Among the entries below, one line contains "equine-6166 copy-min" and another contains "BriefMe_AFORISMA_img_brochure_oss_interno3". Transcribe those two lines and every line between them, exactly.

(Extracted data entries)
▼

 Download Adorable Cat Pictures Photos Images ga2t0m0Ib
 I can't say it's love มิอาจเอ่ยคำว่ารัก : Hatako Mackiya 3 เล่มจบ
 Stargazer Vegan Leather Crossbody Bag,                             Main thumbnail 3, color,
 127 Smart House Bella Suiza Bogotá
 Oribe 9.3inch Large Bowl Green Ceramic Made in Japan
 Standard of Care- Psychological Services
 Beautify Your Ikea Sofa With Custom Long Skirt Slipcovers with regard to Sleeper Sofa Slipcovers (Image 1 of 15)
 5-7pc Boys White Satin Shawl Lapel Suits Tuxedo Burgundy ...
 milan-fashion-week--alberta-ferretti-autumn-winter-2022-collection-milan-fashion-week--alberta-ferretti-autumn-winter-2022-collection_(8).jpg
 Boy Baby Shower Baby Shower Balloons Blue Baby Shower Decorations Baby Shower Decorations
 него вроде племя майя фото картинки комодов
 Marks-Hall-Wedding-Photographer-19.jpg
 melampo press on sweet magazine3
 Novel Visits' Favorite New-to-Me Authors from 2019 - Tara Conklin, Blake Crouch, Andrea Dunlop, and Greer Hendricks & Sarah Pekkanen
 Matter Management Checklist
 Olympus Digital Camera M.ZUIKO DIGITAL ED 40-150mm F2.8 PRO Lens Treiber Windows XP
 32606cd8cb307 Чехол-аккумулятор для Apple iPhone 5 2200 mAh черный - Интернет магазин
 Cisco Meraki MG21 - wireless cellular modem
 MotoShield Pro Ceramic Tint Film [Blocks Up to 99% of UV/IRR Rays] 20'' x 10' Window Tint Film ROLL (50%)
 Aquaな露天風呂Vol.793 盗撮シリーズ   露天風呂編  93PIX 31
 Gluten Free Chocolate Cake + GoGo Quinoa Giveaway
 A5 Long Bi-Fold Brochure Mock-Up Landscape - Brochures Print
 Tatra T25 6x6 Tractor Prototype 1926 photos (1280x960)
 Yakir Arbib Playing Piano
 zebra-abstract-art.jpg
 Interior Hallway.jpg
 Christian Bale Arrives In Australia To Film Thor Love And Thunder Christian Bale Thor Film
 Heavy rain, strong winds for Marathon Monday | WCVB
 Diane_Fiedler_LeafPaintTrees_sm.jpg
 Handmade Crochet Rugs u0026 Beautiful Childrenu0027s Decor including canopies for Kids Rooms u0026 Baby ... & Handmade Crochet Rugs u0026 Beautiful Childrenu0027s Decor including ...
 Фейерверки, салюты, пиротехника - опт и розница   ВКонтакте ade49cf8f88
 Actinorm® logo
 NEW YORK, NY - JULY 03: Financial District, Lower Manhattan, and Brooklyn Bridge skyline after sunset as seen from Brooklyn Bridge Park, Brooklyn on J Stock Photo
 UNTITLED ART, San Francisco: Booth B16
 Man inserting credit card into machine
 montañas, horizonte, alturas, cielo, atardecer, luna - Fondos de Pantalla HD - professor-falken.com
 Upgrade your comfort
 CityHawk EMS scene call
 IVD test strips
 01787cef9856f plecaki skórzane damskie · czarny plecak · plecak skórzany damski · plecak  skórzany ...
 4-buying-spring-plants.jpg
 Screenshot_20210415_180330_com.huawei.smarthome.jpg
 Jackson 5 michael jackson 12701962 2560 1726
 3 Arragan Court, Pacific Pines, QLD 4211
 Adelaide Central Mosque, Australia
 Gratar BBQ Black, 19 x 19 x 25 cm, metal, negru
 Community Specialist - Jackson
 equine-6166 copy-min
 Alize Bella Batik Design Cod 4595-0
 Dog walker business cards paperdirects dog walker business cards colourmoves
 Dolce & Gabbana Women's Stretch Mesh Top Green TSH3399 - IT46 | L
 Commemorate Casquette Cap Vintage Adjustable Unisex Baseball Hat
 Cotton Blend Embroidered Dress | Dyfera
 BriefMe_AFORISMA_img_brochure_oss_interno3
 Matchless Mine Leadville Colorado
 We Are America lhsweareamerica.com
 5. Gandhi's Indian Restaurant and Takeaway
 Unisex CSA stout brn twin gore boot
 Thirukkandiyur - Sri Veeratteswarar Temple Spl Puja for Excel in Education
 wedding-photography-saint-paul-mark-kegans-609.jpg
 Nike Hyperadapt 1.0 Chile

▲

YOUR RESPONSE
 equine-6166 copy-min
 Alize Bella Batik Design Cod 4595-0
 Dog walker business cards paperdirects dog walker business cards colourmoves
 Dolce & Gabbana Women's Stretch Mesh Top Green TSH3399 - IT46 | L
 Commemorate Casquette Cap Vintage Adjustable Unisex Baseball Hat
 Cotton Blend Embroidered Dress | Dyfera
 BriefMe_AFORISMA_img_brochure_oss_interno3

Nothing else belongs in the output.